In un momento come quello attuale dove queste ricercatezze sono apprezzatissime, Il Genio però non riesce a convincere del tutto. Il rischio di questo tipo di creazioni è quello dei vari American graffiti e negozietti vintage dove la percezione del fake è presto tangibile. Si viene catapultati in un mondo bellissimo, curatissimo, sì, ma poi cosa ci ritroviamo tra le mani? C’è dell’autentico in tutto questo? Quella cartella rigida è davvero retrò o l’hanno prodotta con della similpelle in Cambogia due mesi fa? Il pericolo è appunto quello di non convincere fino in fondo, perché a giocare troppo con il fuoco finisce che ci si brucia.
“Una voce poco fa” è un disco coerente, che scivola alla perfezione nella sua linea melodica di synth, bassi, chitarra e voce ovattata. Ma il limite, forse, sta proprio in questa sua eccessiva coerenza. Un guizzo di contemporaneità, di innovazione in un qualcosa che riprende un qualsiasi filone musicale passato, a dire il vero molto di moda in questi anni, deve esserci. È necessario per rispondere ad un unico quesito: «Perché dovrei ascoltare Il Genio e non- ad esempio – Serge Gainsbourg o Jane Birkin?». D’altra parte, come diceva il Perozzi in “Amici Miei”: "Il genio è fantasia, intuizione, colpo d’occhio e velocità d’esecuzione".

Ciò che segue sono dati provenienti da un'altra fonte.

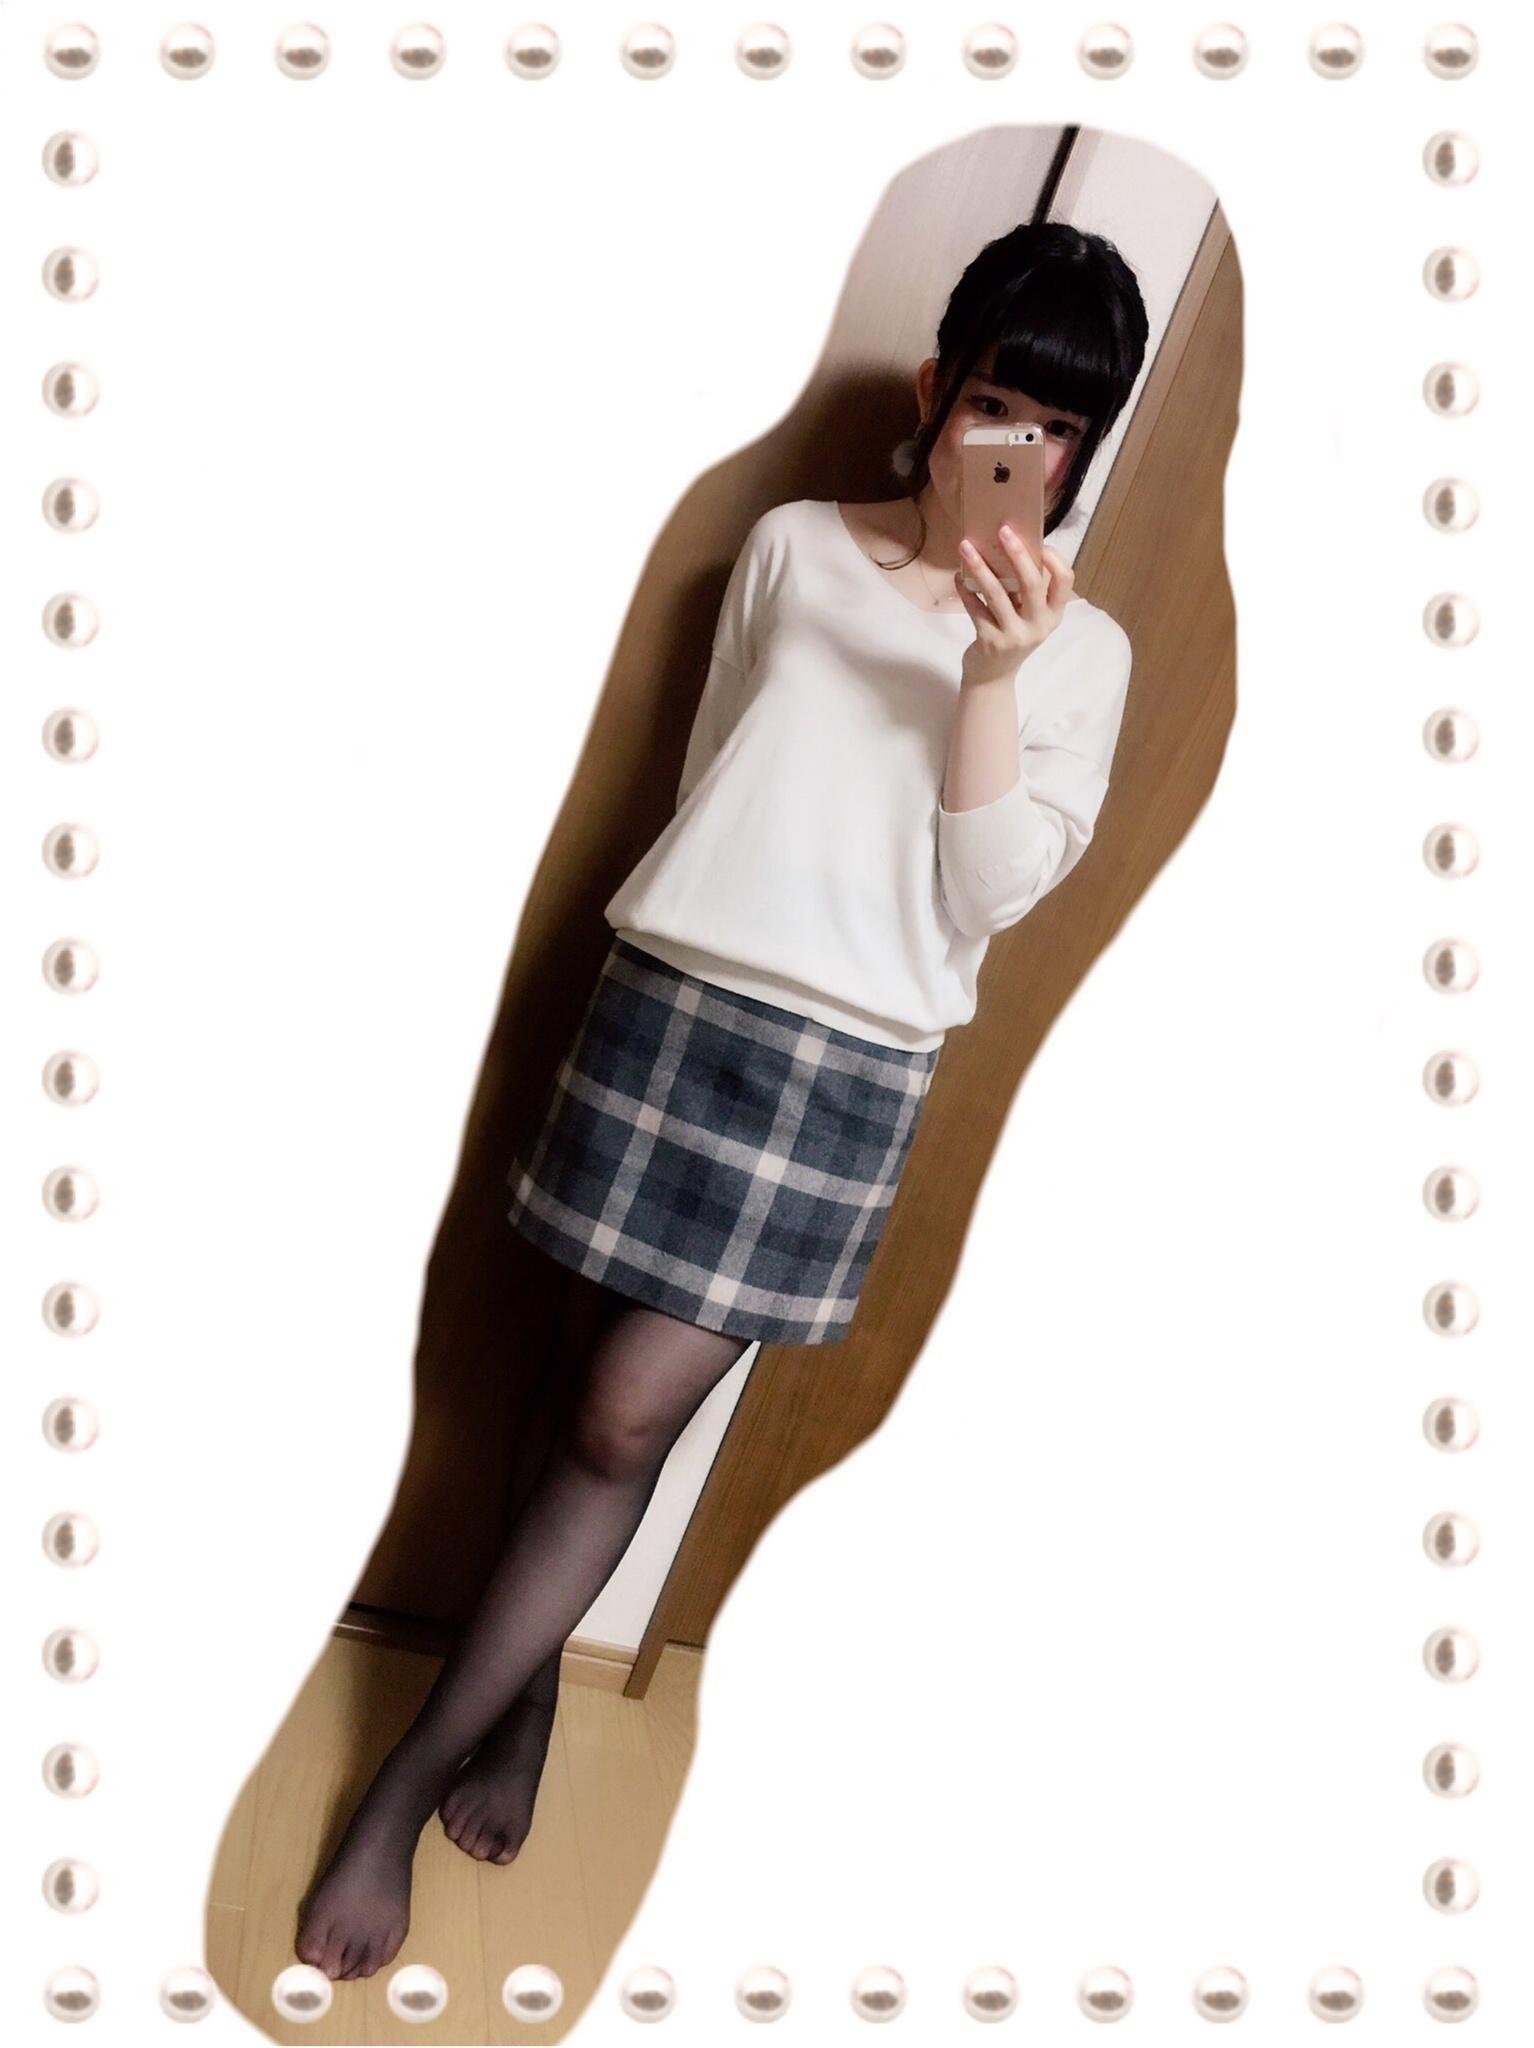 【新作・期間限定プライス1990円♡】UNIQLOのウールブレンドミニスカートでゆるカワコーデ(*´ ˘ `*)_2

In questa terza fatica di Alessandra Contini e Gianluca De Rubertis le idee, le intuizioni ci sono e alcuni pezzi sono, oltre che ben fatti, indovinati (“Ho deciso”, “Motivi plausibili”, “Bene mediamente tanto”, “Groenlandia”), c’è una spruzzata di attualità nel primo singolo “Bar cinesi”, ma sono lontani gli artisti italiani che più sono riusciti a sintetizzare al meglio passato e presente (Baustelle, il primo Morgan, certi giochi di parole che uniscono l’alto e il basso di Battiato). E la stessa voce – fanciullesca, civettuola, nipponica – di Alessandra Contini rischia di risultare stucchevole quasi come tutta quella chioma lilla e cotonata dell’Incantevole Creamy.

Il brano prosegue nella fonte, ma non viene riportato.